Return the ID of the best one, starting 0 as the ID for the first fact. Facts:\n\n{facts}"""

# --- Data Models (for structure) ---
class Subjects(BaseModel):
    subjects: list[str]

class BestFact(BaseModel):
    id: int

class Fact(BaseModel):
    fact: str

# --- State Definitions ---
class OverallState(TypedDict):
    topic: str
    subjects: list
    facts: Annotated[list, operator.add]
    best_selected_fact: str

class FactState(TypedDict):
    subject: str

# --- Node 1: Generate sub-topics ---
def generate_topics(state: OverallState):
    prompt = subjects_prompt.format(topic=state["topic"])
    response = model.with_structured_output(Subjects).invoke(prompt)
    return {"subjects": response.subjects}

# --- Node 2: Continue to facts (Map phase dispatcher) ---
def continue_to_facts(state: OverallState):
    return [Send("generate_fact", {"subject": s}) for s in state["subjects"]]

# --- Node 3: Generate facts (Map phase worker) ---
def generate_fact(state: FactState):
    prompt = fact_prompt.format(subject=state["subject"])
    response = model.with_structured_output(Fact).invoke(prompt)
    return {"facts": [response.fact]}

# --- Node 4: Select best fact (Reduce phase) ---
def best_fact(state: OverallState):
    facts = "\n\n".join(state["facts"])
    prompt = best_fact_prompt.format(topic=state["topic"], facts=facts)
    response = model.with_structured_output(BestFact).invoke(prompt)
    return {"best_selected_fact": state["facts"][response.id]}

# --- Build the Graph ---
graph = StateGraph(OverallState)
graph.add_node("generate_topics", generate_topics)
graph.add_node("generate_fact", generate_fact)
graph.add_node("best_fact", best_fact)
graph.add_edge(START, "generate_topics")
graph.add_conditional_edges("generate_topics", continue_to_facts, ["generate_fact"])
graph.add_edge("generate_fact", "best_fact")
graph.add_edge("best_fact", END)

# --- Compile the Graph ---
app = graph.compile()
Image(app.get_graph().draw_mermaid_png())

# --- Execute the Graph ---
for s in app.stream({"topic": "space"}):
    print(s)

print("\n✅ Best Selected Fact:")
print(s["best_fact"]["best_selected_fact"])


{'generate_topics': {'subjects': ['Planets', 'Stars', 'Galaxies']}}
{'generate_fact': {'facts': ["Fun fact about Planets: It's fascinating!"]}}
{'generate_fact': {'facts': ["Fun fact about Stars: It's fascinating!"]}}
{'generate_fact': {'facts': ["Fun fact about Galaxies: It's fascinating!"]}}
{'best_fact': {'best_selected_fact': "Fun fact about Stars: It's fascinating!"}}

✅ Best Selected Fact:
Fun fact about Stars: It's fascinating!


## Studio

**⚠️ Notice**

Since filming these videos, we've updated Studio so that it can now be run locally and accessed through your browser.
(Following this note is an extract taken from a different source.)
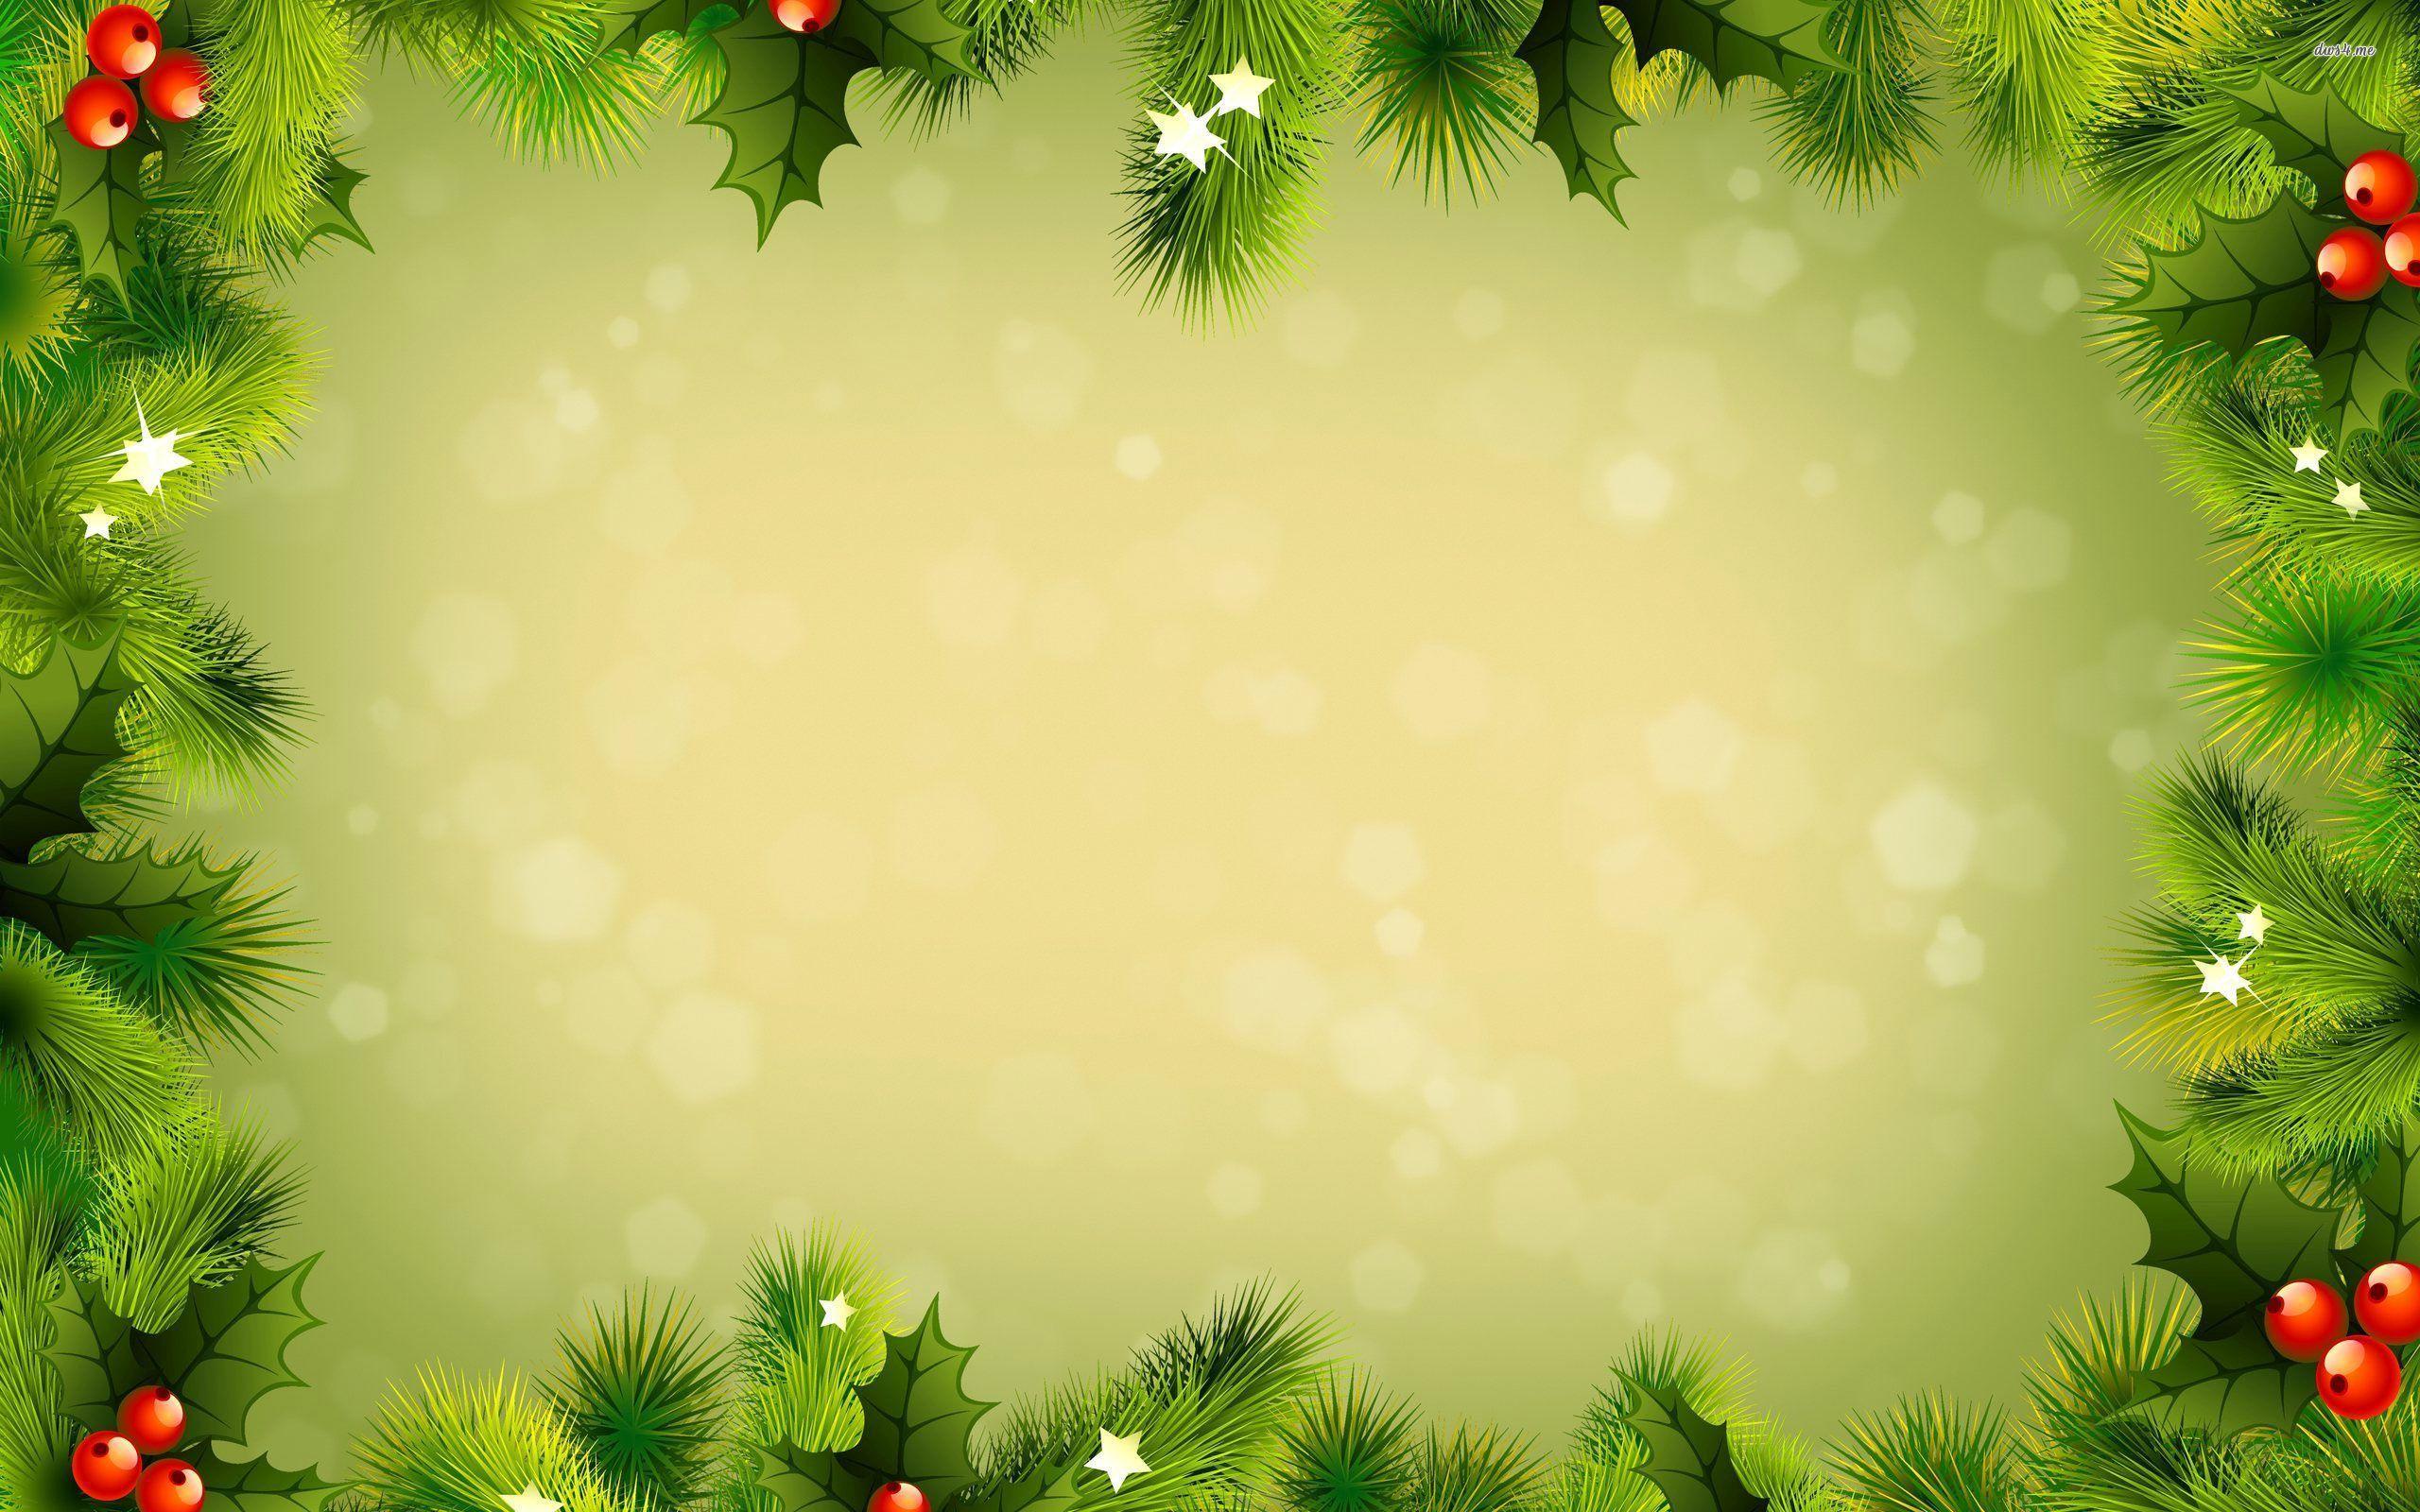 Christmas Wallpaper Christmas Wallpaper Hd Free Christmas Backgrounds Christmas Desktop Wallpaper

This is the preferred way to run Studio instead of using the Desktop App shown in the video. It is now called _LangSmith Studio_ instead of _LangGraph Studio_. Detailed setup instructions are available in the "Getting Setup" guide at the start of the course. You can find a description of Studio [here](https://docs.langchain.com/langsmith/studio), and specific details for local deployment [here](https://docs.langchain.com/langsmith/quick-start-studio#local-development-server).  
To start the local development server, run the following command in your terminal in the `/studio` directory in this module:

```
langgraph dev
```

You should see the following output:
```
- 🚀 API: http://127.0.0.1:2024
- 🎨 Studio UI: https://smith.langchain.com/studio/?baseUrl=http://127.0.0.1:2024
- 📚 API Docs: http://127.0.0.1:2024/docs
```

Open your browser and navigate to the **Studio UI** URL shown above.

Let's load the above graph in the Studio UI, which uses `module-4/studio/map_reduce.py` set in `module-4/studio/langgraph.json`.